Ich werde wertgeschätzt. Ich werde ernst genommen. Laut Mario Derntl sagen das junge Menschen, die in ihren Betrieben gerne und zufrieden eine Lehre machen. Der Chef der überregionalen Lehrlingsinitiative Zukunft.Lehre.Österreich (z.l.ö.) erinnert an das eigentlich doch Einfache, Menschliche, wenn es um Finden und Halten junger Menschen für und in Lehrberufen geht. Die Not jedenfalls bleibe groß, auch wenn die wirtschaftlichen Aussichten nunmehr Stagnation für 2023 in Österreich bedeuten, so Derntl. Aussitzen und Warten, dass von selbst wieder Junge anklopfen, werde nicht mehr stattfinden. Er verweist auf die demografische Kurve und die Pensionierungswelle in der Generation Boomer.

Alle wollen Wertschätzung

Zur Untermauerung, dass (fast) alles an einer Haltungsänderung liegt, ein Befund aus Deutschland: Eine Mehrheit in Deutschland ist der Ansicht, dass Facharbeiter und ihre Berufe zu wenig Wertschätzung erhalten. In einer Umfrage des Meinungsforschungsinstituts Yougov im Auftrag des Autozulieferers Continental bezeichneten 59 Prozent der Befragten die Wertschätzung als nicht angemessen oder eher nicht angemessen. Eine klare Mehrheit der Befragten im Alter von 16 bis 22 Jahren gab zudem an, ein Studium anzustreben (42 Prozent). In den Kategorien des gesellschaftlichen Status gedacht verständlich.

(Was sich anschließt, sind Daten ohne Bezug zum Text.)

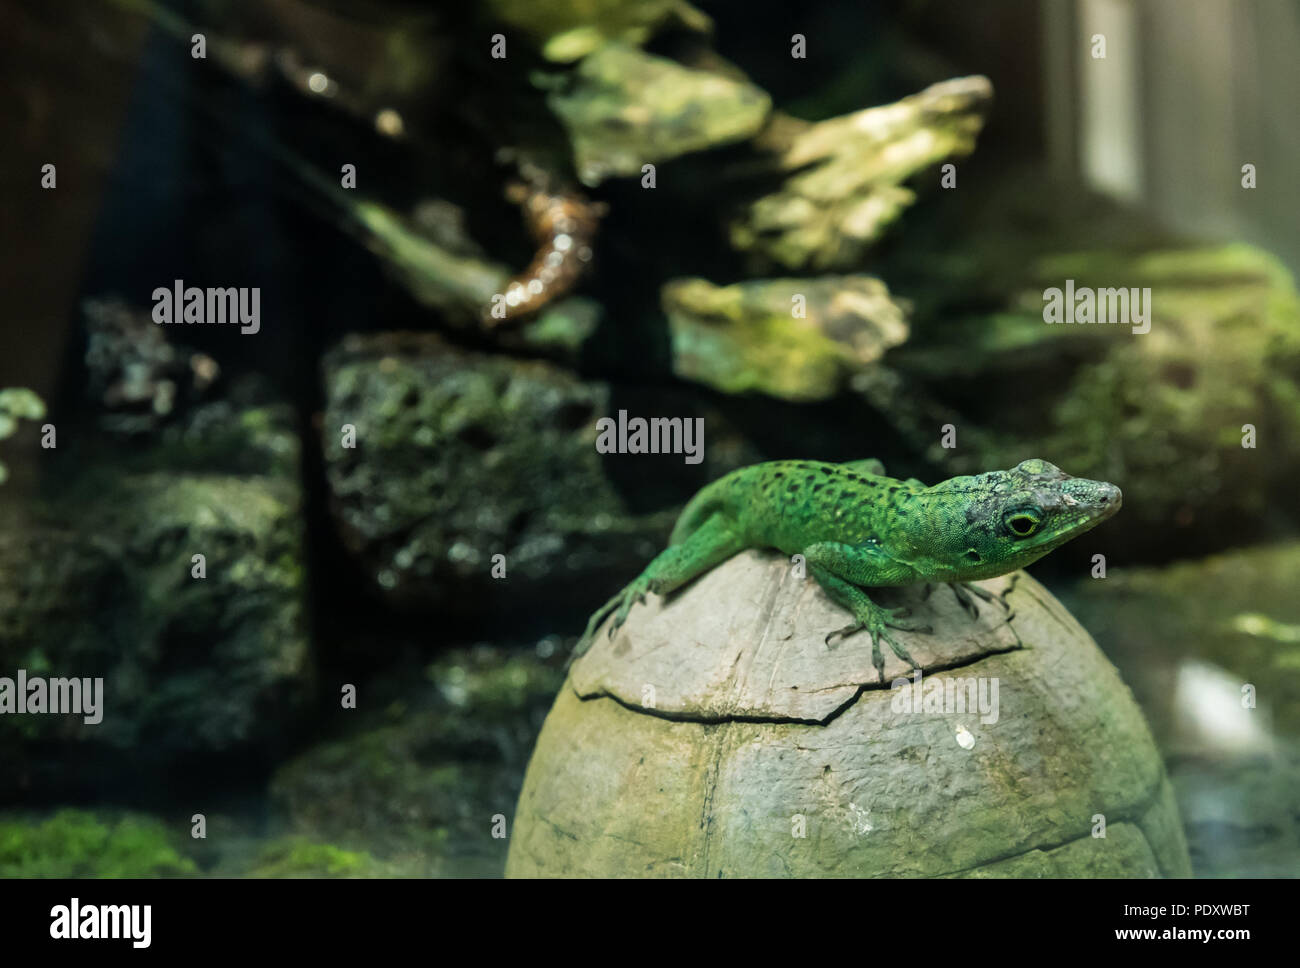 A vibrant green sand lizard posing on a cracked egg shell shaped rock, with a rock background, in a Zoo in Zurich. Stock Photo

Eine Berufsausbildung zogen hingegen deutlich weniger (27 Prozent) der jungen Menschen in Betracht. Doch der Fachkräftemangel drängt – als wirksamstes Mittel dagegen sehen die Teilnehmer eine bessere Bezahlung, flexiblere Arbeitsbedingungen sowie mehr gesellschaftliche Anerkennung.

Diese Wünsche tauchen in allen Umfragen, die zuhauf gemacht werden, recht identisch auf. Also ist es eigentlich doch einfach, als Arbeitgeber attraktiv zu sein? Was zu tun wäre, ist klar.

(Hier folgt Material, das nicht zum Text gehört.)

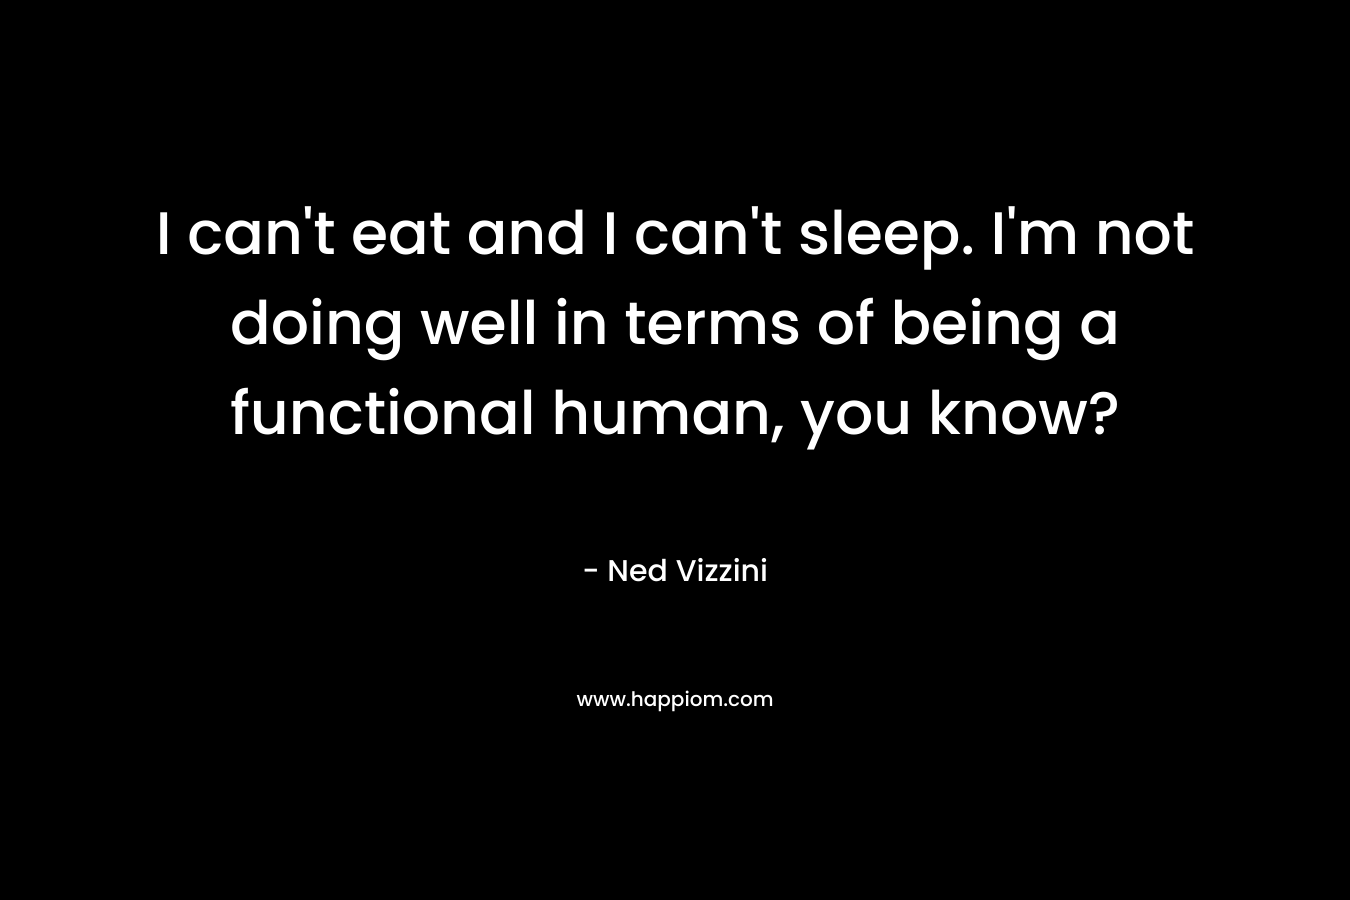 I can't eat and I can't sleep. I'm not doing well in terms of being a functional human, you know?

Dass es vielfach noch nicht getan wird, zeigt die Diskussion auf dem Personalevent HR Summit in der Wiener Hofburg auch. Denn die Beraterschar zu genau diesen Themen ist groß vor Ort. Siegfried Götzinger etwa von New Work, der zu Gesamtlösungen mahnt statt zu Hauruck-Einzelaktionen und dafür auch gleich seine Marken Xing, Kununu und Onlyfy für Recruiting bis Unternehmenskultur anbietet.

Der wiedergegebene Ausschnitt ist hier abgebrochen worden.